Zoo duidelijk hebben deze positieve ethische axiomata post gevat in het denkwezen der beschaafde volkeren, dat bij herhaling de toepassing ook wordt gebillijkt, wanneer slechts niet het eigenbelang zich tegen de erkenning dier rechtmatigheid verzet. De beschaafde naties hebben toegejuicht en zelfs
| |
| |
gesteund de revolutie in Turkije, waarbij de Turken hun nationale vrijheid herkregen door te dreigen, met de gewapende macht aan hun zijde, naar Constantinopel op te trekken. De beschaafde volkeren hebben toegejuicht de revolutionaire bewegingen in Rusland. Zij erkennen in hun leerboeken dat de fransche Revolutie een kultuur-keerpunt in de historie bracht. Maar dadelijk wordt de zuiverheid van het oordeel vertroebeld, wanneer eigenbaat in het spel komt.
De vroegere premier, het huidige parlementslid Balfour, kwam onlangs in een rede op tegen den eisch van Redmond van Home Rule voor Ierland, op grond dat de Ieren tot een ander ras zouden behooren als de engelsche overheerschers. Balfour verwierp dit beroep.
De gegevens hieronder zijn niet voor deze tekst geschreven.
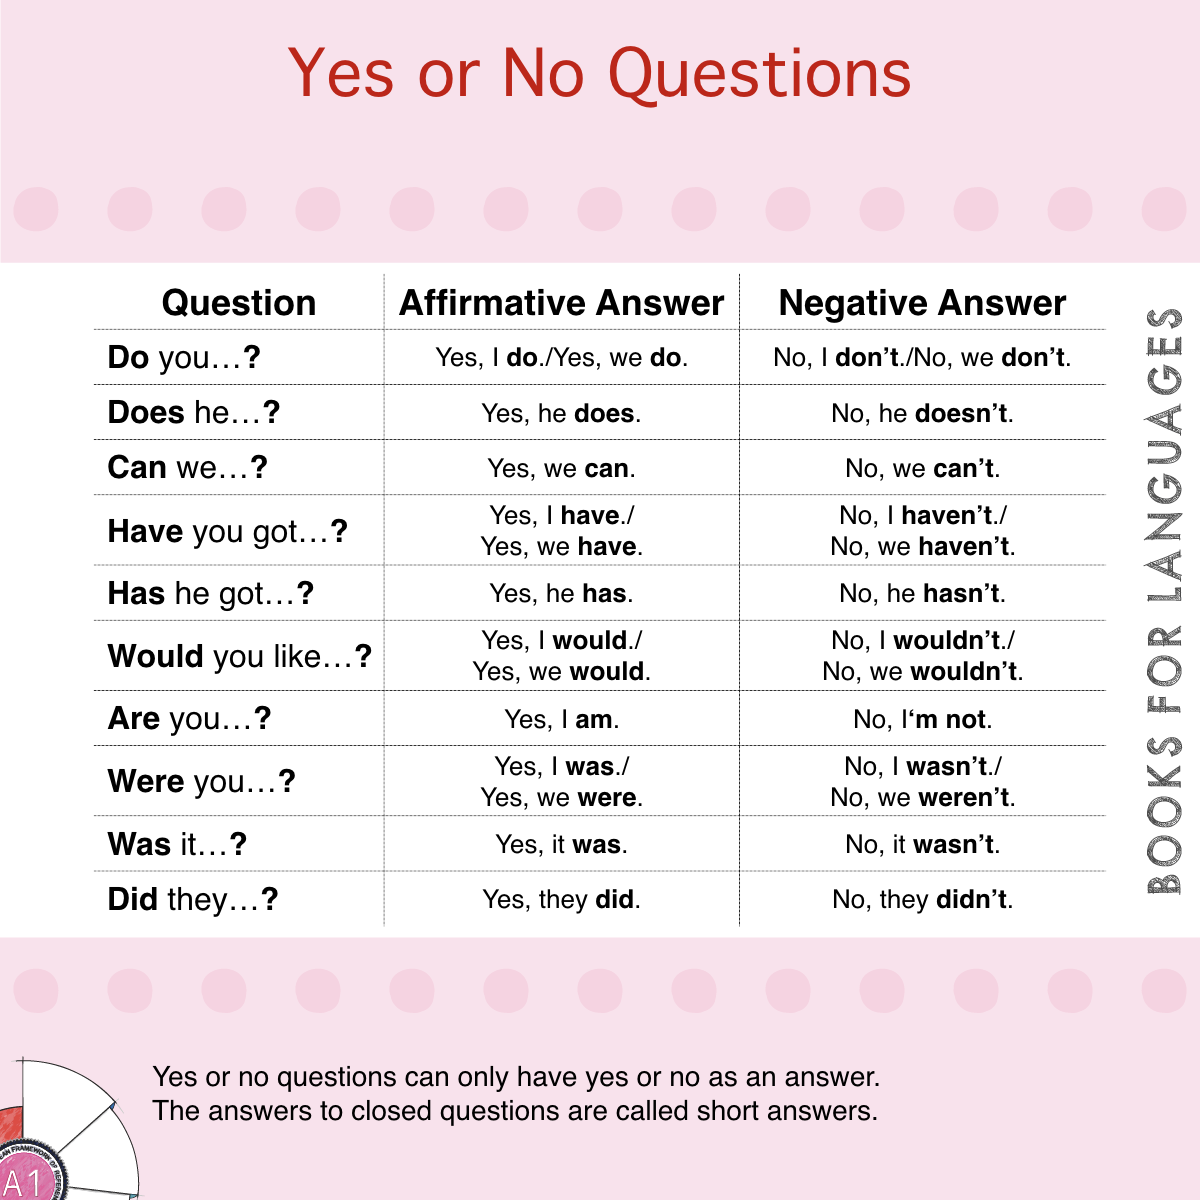 Yes Or No Questions In Present Form English Grammar A1 Level.

Waren de premissen van Redmond juist, dan moest deze geen ‘Home Rule’ maar onafhankelijkheid eischen, verklaarde hij. Als Redmond zijn eischen baseert op rasverschil, en dat achtte Balfour een wettige basis, dan moet hij eischen volkomen afscheiding der beide rassen. Als zij twee rassen zijn, laten zij dan ook twee naties zijn. Wanneer de Ieren blijven volhouden dat zij een ander ras zijn dan de Engelschen, dan zijn zij gehouden om te eischen, die volkomen onafhankelijkheid, die volkomen afscheiding, waarvoor het rasverschil de logische basis is.
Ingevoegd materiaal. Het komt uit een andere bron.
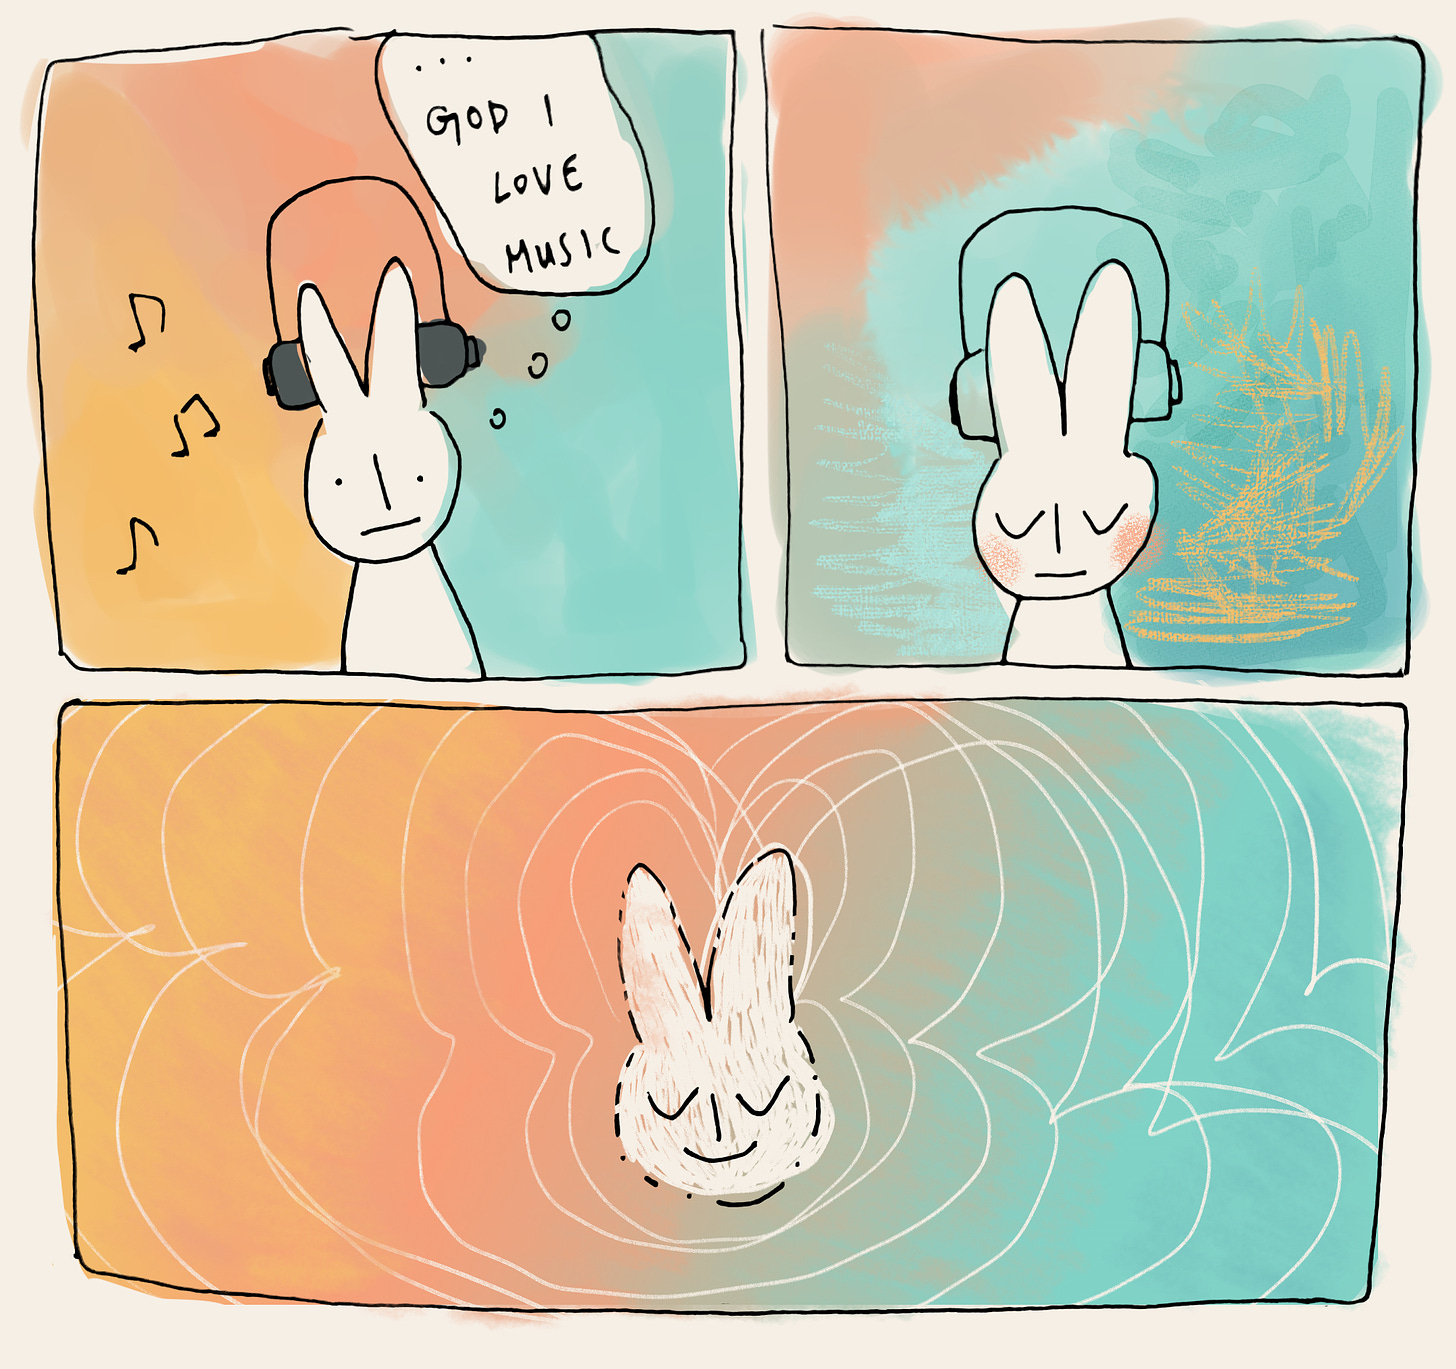 comic of a rabbit thinking ,god, i love music, and a bunch of colours around them

Zoo verklaarde de heer Balfour.
De indische extremisten weten uit al zulke uitlatingen in de gelederen hunner vijanden propagandistisch voordeel te putten. Er zal toch niemand zijn, betoogen zij, die beweren kan dat in de koloniale verhoudingen der europeesche volkeren tot de overheerschte volkeren in Azië of Afrika, die alles beheerschende ‘logische basis’ van het rasverschil niet bestaat. Toch zullen het er zeer weinigen zijn, die op grond hiervan elke poging van de overheerschten om zich vrij te maken van de overheersching billijken, en derhalve zich zouden willen onthouden van elke bestraffing van zulke billijke pogingen.
Is men het over deze beginselen van recht en wet eens geworden, dan rest den extremisten na te gaan het wezen van het recht der verdediging. Het eene spruit logisch voort uit het andere. ‘Onrechtmatig bezit’ zoo wordt in de engelsche wet gecodificeerd, en het zal in de wetten-codice van andere beschaafde volkeren wel evenzoo zijn, is het verkrijgen van
| |
| |
bezit, waartoe de bezitverkrijgende niet wettig gerechtigd is. ‘Onrechtmatig verlies’ is het verlies, veroorzaakt door onwettige middelen ter verkrijging van bezit, waartoe de verliezende wettig gerechtigd is. De strafwet erkent het recht van verdediging van bezit, ook al veroorzaakt de uitoefening van dit recht in gevallen van roof enz. de moedwillige dooding van den euveldader, onverschillig welke middelen aangewend zijn om die dooding te veroorzaken.
Het zal wel niemand invallen om te ontkennen, dat wettig hier de beteekenis heeft van rechtmatig. Evenzeer is het derhalve echter duidelijk dat elke poging van een overheerscht volk om zich te vrijwaren voor onrechtmatig verlies, dan wel om onrechtmatig geleden verlies te herstellen, rechtmatig is en dus op ethische gronden onmogelijk strafbaar gesteld kan worden. Deze dingen zijn alle zoo heel eenvoudig, meenen de extremisten, dat het niet pleit voor de ethische ontwikkeling der overheerschende volkeren dat zij niettemin, desnoods met geweld, zich in het onrechtmatig verkregen bezit handhaven.
Wat Engeland betreft, hebben Spencer, Congreve en anderen de onrechtmatigheid van de overheersching in Indië bij herhaling betoogd. Het zal met andere overheerschende volkeren wel niet anders gesteld zijn.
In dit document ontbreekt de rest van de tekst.